### [SOURCE MATERIAL]

>>

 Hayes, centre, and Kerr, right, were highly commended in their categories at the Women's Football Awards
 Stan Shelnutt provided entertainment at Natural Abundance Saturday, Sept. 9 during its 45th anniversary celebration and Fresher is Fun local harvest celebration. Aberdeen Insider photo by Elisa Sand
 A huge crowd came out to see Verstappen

<<
>>

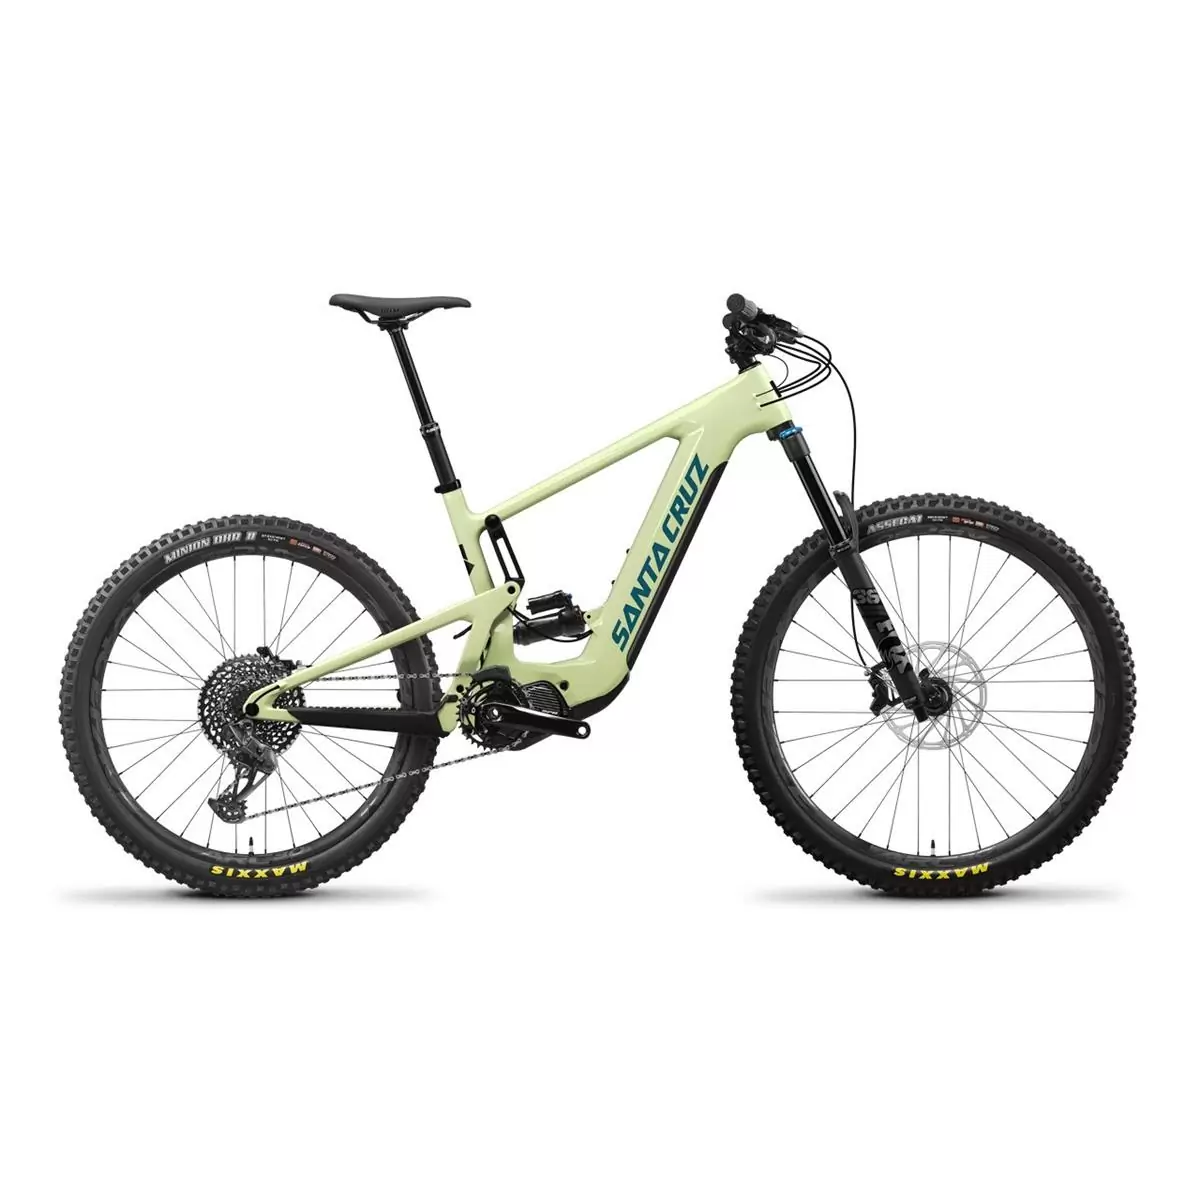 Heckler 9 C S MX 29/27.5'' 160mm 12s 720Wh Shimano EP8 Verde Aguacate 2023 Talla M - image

<<
>>

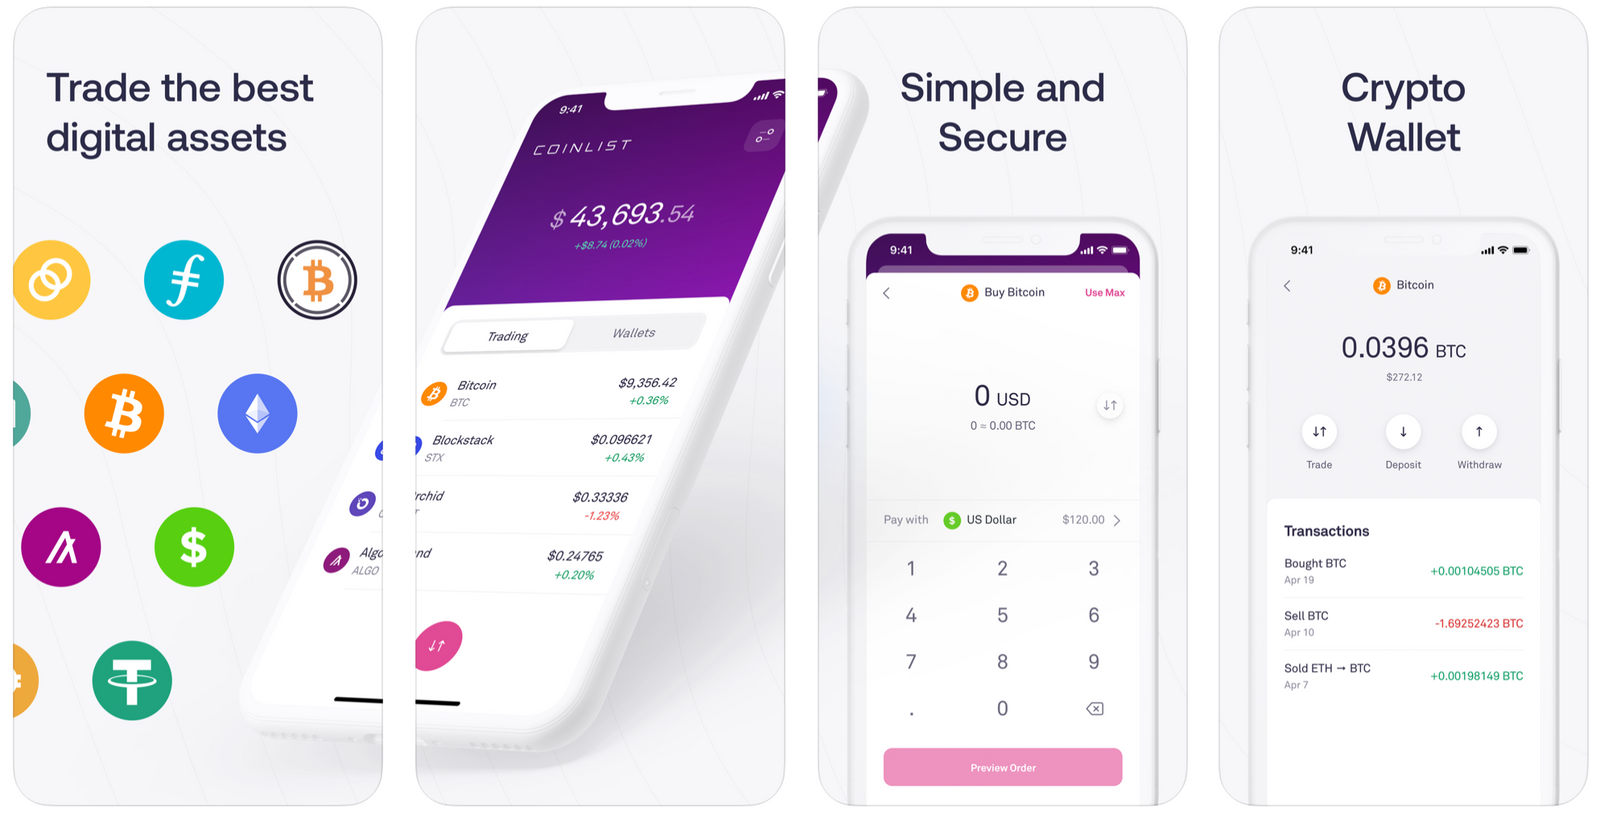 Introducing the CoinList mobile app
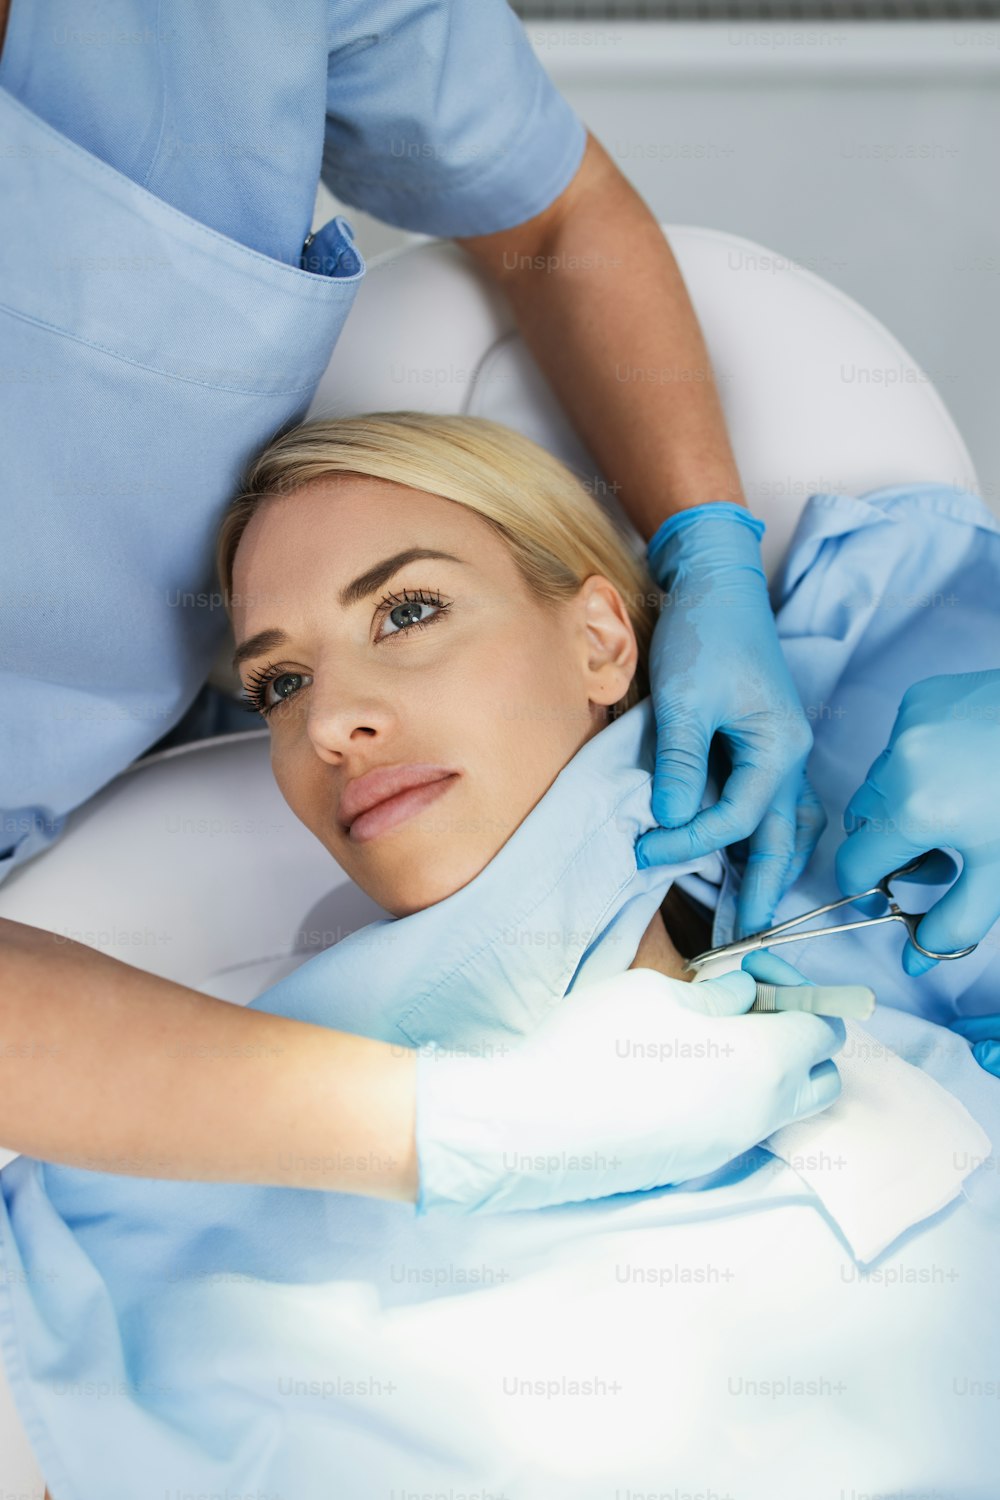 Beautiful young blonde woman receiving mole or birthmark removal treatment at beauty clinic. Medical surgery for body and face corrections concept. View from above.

<<

An exact copy of the lines above, from the one containing "Hayes, centre, and" through the one containing "A huge crowd came out to see Verstappen", is the whole of the answer.

 Hayes, centre, and Kerr, right, were highly commended in their categories at the Women's Football Awards
 Stan Shelnutt provided entertainment at Natural Abundance Saturday, Sept. 9 during its 45th anniversary celebration and Fresher is Fun local harvest celebration. Aberdeen Insider photo by Elisa Sand
 A huge crowd came out to see Verstappen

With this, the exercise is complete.